A Yorum
  Acilis Sayfasi Yap Sik Kullanilanlara Ekle  

   
A yorum Kurum
iletisim
login
yayin ilkeleri...



yazi dizileri Ekitap Radyo

Yazı karekteri : (+) Büyük | (-) Küçük

Mortgage Hayatlar...

Kategori Kategori: Yaşam | Yorumlar 2 Yorum | Yazar Yazan: Sarp Soysal | 21 Haziran 2011 07:06:16

Kuşkusuz ki herkes kaçıp gitmek istemiştir. Göçebe köklerimizden ya da çingene ruhumuzdan mıdır nedir bilmem ama hep keşkeleri cebimize doldurduğumuz nice "kaçış planları" na gebedir içimiz. Yaş artıkça daha bir fazla kullanır olur "aslında" ve "keşke" gibi ucu açık kelimeleri. Oysa daha dün gibi hatırlarız gençlik yıllarımızı ve ideallerimizi, dünyanın dönüş hızının ne kadar hızlı olduğuna küfüreder dururuz.
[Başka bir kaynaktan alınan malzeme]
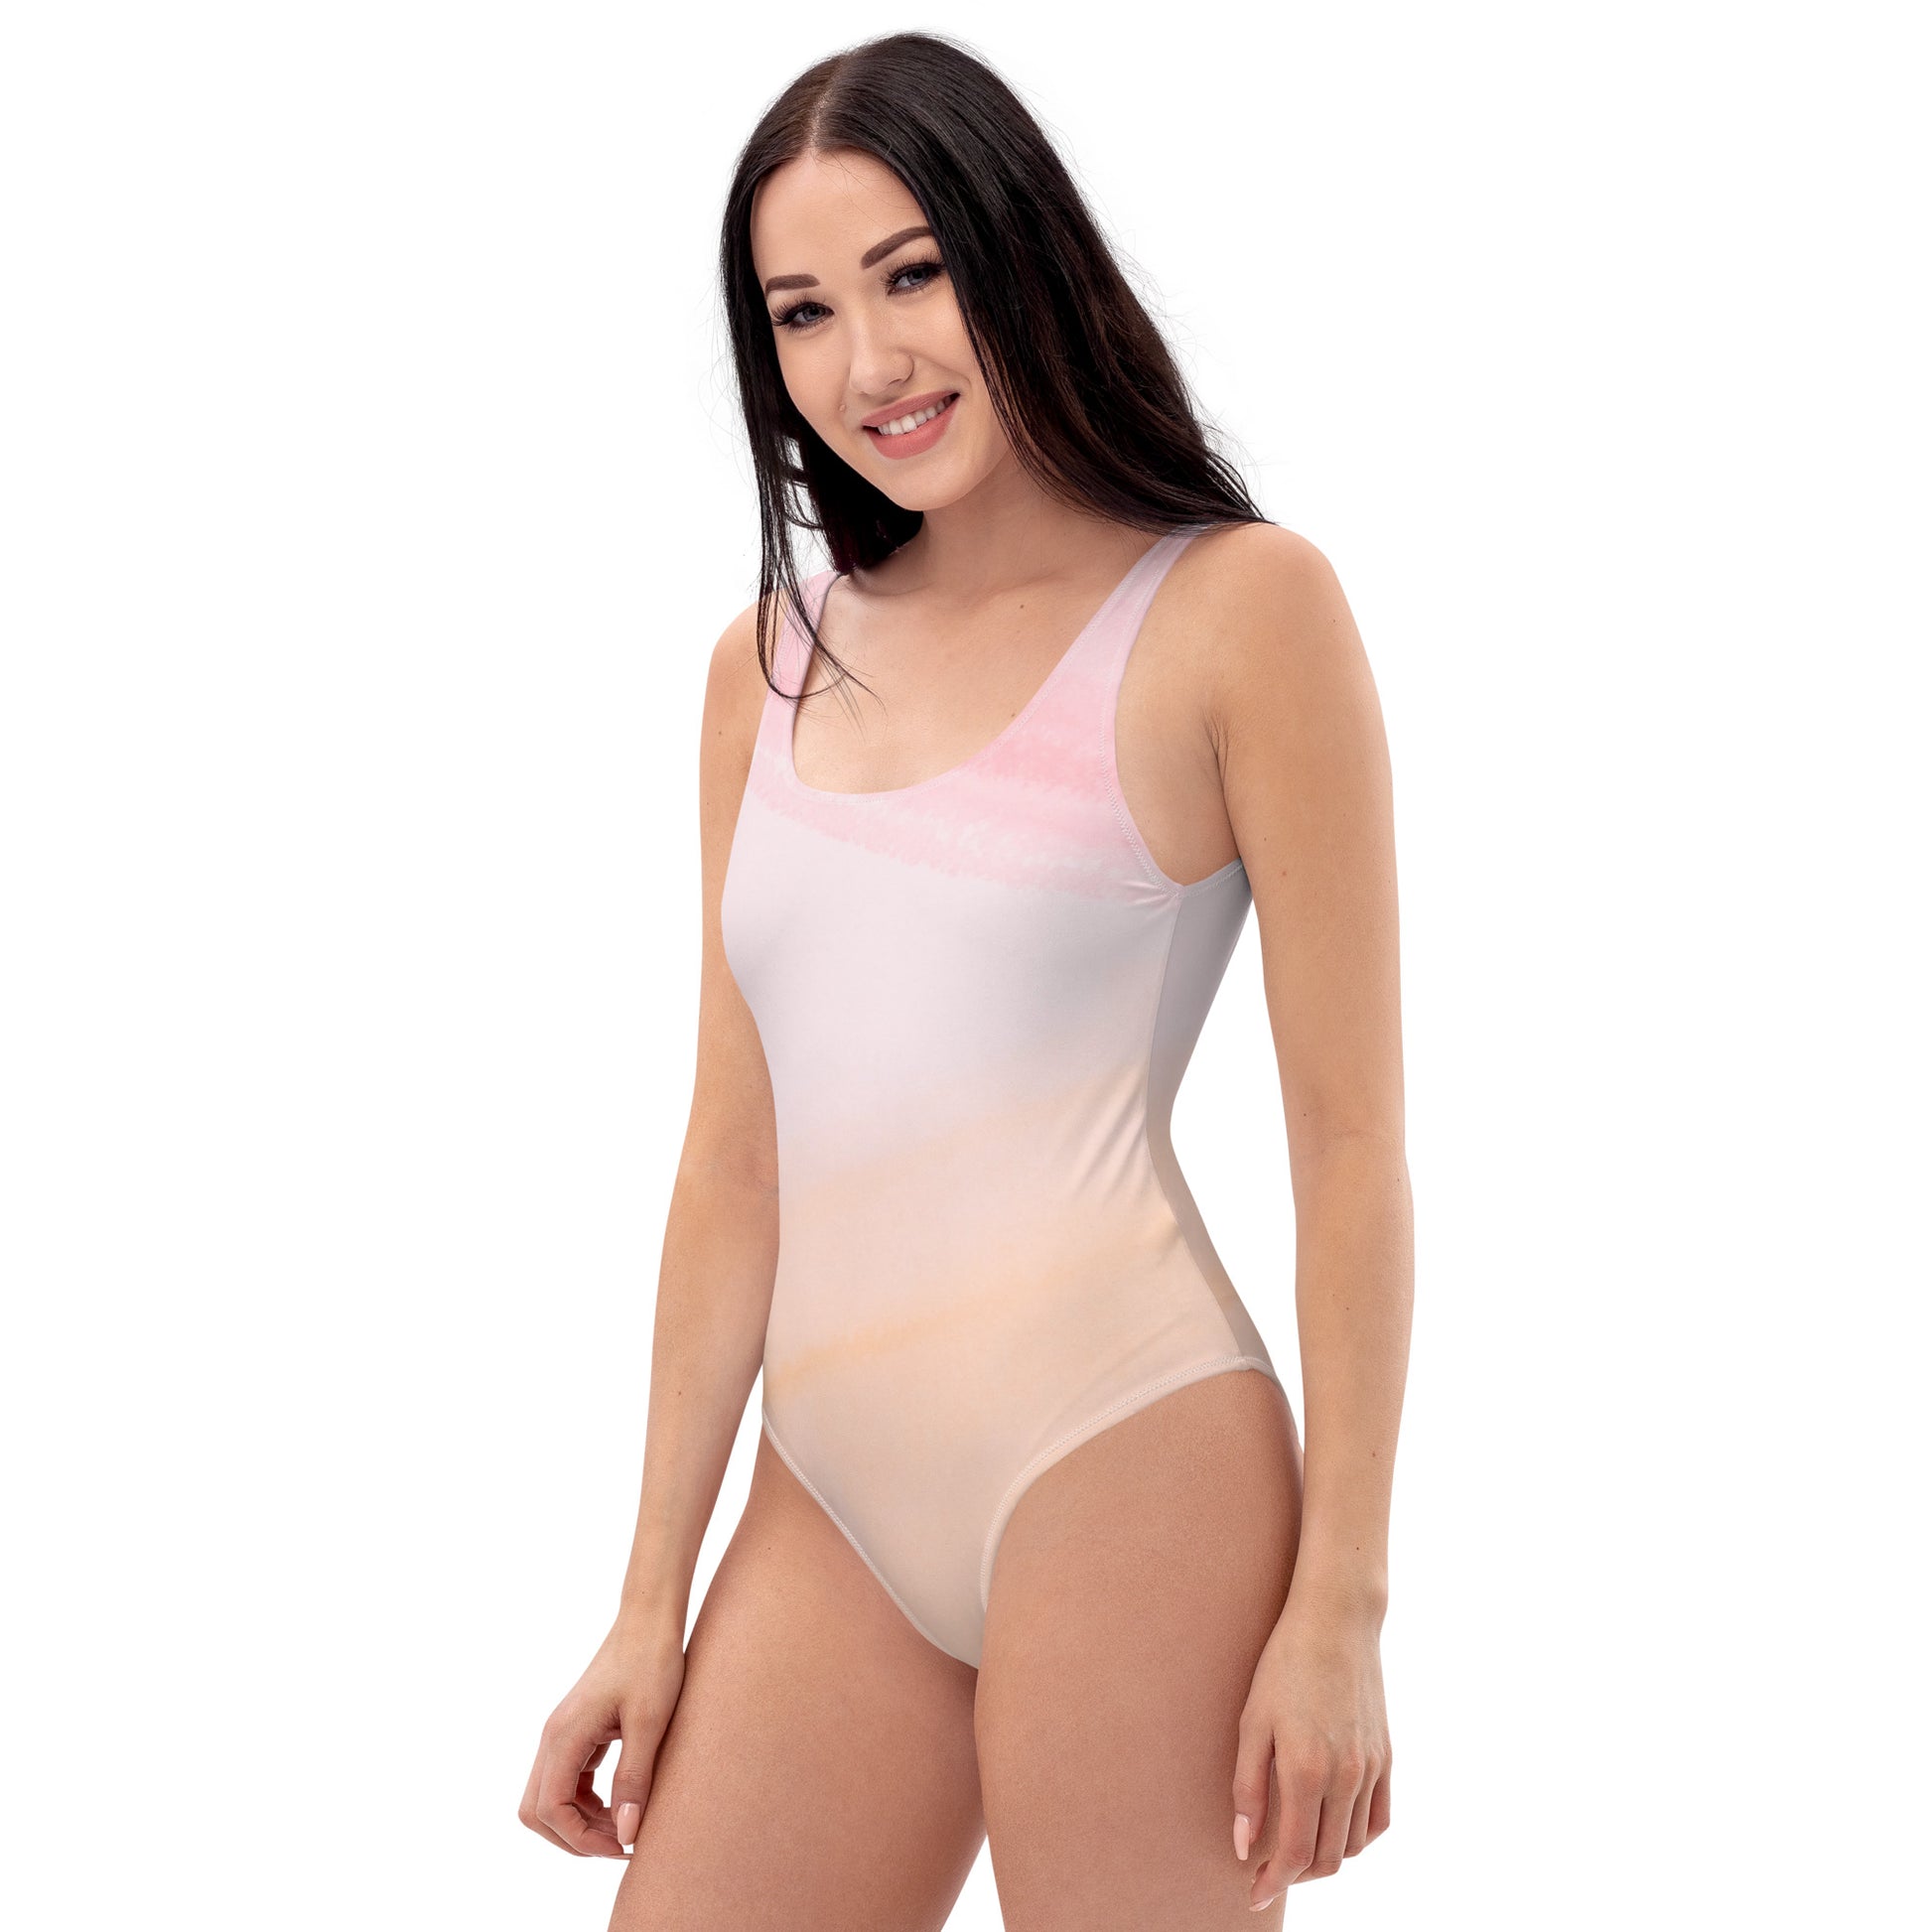 Cotton Candy Blush: Sweet Serenade Pink Color One-Piece Swimsuit

Yaşımız ilerlese bile o kaçış planlarımız hep kafamızın bir yerinde bizi bekler durur.

Türkiye'de çalıştığım dönemde benden yaşça oldukça büyük olan bütün ofis arkadaslarımın ortak tek bir noktası, tek bir pişmanlığı vardı o da hayatta arzu ettiklerini, ya da yaşam dediğimiz deneyimi hakkıyla yaşamadıkları üzerineydi. Ama hiçbir zaman anlamazlardı herşeyin onlar için çok geç olduğunu, farketmezlerdi, sera gibi klimalarla iklimlendirilmiş ofislerde o masa ve sandalyeye nasıl kök saldıklarını. Bilmezlerdi “Kariyer” dediğimiz yirmibirinci yüzyılın en ölümcül hastalığına yakalandıklarını. Tehlikeli olması, cok kısa zamanda insanı “ücretli köle” haline getirmesinden mi, ya da semptomlarının hiç hissettirmeden insanların hayatında gözlenmesinden midir bilmem.

Ama buna rağmen insan bu ya, o umutla yaşamayı sürdürür. Kimi istifasını verdiğinin, banka kredisi ile aldığı evi, arabayı sattığının ve bir yelkenliye yerleştiğinin hayalini kurar. Kimi zaten neredeyse çalışarak tükettiği ömründe emekliliğe ayrılacağı günleri sayar ve köyüne yerleşme planları yapar. Ya da başka diyarları kendilerine yurt, mesken bilmiş olanlar birgün doğduğu topraklara döneceklerinin hayalini kurarlar. “Biraz” para biriktirme ve birkaç yıl çalışma sevdasıyla gelinen o uzak yurttan kimse gitmez, gidemez.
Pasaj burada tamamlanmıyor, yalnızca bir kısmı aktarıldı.